### Work instructions:
Reproduce exactly the lines of the material beneath, from the line that contains "Date: circa 1980" to the line that contains "Jovani 4062 off", both included, and no other lines.

/---

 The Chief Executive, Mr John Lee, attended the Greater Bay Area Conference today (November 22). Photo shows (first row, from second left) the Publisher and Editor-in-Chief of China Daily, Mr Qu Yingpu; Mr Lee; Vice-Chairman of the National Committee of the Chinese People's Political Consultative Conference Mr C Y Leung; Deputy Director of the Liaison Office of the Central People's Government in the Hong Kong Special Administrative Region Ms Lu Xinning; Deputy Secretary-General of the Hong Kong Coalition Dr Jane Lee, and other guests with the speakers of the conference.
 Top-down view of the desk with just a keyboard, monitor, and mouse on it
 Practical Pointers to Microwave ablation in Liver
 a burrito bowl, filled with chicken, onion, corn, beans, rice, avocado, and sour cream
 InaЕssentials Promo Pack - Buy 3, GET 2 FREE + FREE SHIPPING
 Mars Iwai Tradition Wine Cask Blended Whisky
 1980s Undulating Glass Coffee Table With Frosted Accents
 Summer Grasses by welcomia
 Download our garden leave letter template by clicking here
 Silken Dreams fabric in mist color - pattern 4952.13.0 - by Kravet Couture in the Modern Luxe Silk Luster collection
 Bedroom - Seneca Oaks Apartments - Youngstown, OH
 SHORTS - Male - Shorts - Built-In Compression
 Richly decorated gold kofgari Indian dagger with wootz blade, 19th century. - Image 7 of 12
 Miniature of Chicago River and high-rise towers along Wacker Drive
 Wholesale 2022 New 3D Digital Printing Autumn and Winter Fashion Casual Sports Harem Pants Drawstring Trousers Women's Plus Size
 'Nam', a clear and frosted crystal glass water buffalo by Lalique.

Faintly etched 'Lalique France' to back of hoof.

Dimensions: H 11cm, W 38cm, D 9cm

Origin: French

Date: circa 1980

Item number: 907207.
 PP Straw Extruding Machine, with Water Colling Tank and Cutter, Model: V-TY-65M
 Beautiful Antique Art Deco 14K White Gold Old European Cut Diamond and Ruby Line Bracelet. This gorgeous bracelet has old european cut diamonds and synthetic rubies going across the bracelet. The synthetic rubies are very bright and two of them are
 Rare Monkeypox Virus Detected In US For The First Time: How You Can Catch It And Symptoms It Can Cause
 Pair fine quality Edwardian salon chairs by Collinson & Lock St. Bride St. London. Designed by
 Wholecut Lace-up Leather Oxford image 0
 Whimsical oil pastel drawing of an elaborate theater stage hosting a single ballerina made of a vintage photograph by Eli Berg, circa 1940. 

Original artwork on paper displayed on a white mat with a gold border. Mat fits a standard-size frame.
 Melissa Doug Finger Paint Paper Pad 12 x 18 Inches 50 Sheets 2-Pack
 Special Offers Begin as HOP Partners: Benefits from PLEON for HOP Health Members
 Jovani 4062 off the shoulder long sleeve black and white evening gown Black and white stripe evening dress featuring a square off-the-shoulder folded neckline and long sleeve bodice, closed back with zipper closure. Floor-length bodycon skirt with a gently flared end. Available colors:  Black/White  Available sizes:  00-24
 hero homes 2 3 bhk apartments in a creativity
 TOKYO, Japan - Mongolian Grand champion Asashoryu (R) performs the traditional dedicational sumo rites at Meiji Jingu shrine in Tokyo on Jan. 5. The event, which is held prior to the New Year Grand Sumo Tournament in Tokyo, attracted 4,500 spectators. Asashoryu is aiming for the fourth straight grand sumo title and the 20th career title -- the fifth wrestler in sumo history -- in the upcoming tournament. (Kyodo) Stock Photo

\---

### Problem solution:
Date: circa 1980

Item number: 907207.
 PP Straw Extruding Machine, with Water Colling Tank and Cutter, Model: V-TY-65M
 Beautiful Antique Art Deco 14K White Gold Old European Cut Diamond and Ruby Line Bracelet. This gorgeous bracelet has old european cut diamonds and synthetic rubies going across the bracelet. The synthetic rubies are very bright and two of them are
 Rare Monkeypox Virus Detected In US For The First Time: How You Can Catch It And Symptoms It Can Cause
 Pair fine quality Edwardian salon chairs by Collinson & Lock St. Bride St. London. Designed by
 Wholecut Lace-up Leather Oxford image 0
 Whimsical oil pastel drawing of an elaborate theater stage hosting a single ballerina made of a vintage photograph by Eli Berg, circa 1940. 

Original artwork on paper displayed on a white mat with a gold border. Mat fits a standard-size frame.
 Melissa Doug Finger Paint Paper Pad 12 x 18 Inches 50 Sheets 2-Pack
 Special Offers Begin as HOP Partners: Benefits from PLEON for HOP Health Members
 Jovani 4062 off the shoulder long sleeve black and white evening gown Black and white stripe evening dress featuring a square off-the-shoulder folded neckline and long sleeve bodice, closed back with zipper closure. Floor-length bodycon skirt with a gently flared end. Available colors:  Black/White  Available sizes:  00-24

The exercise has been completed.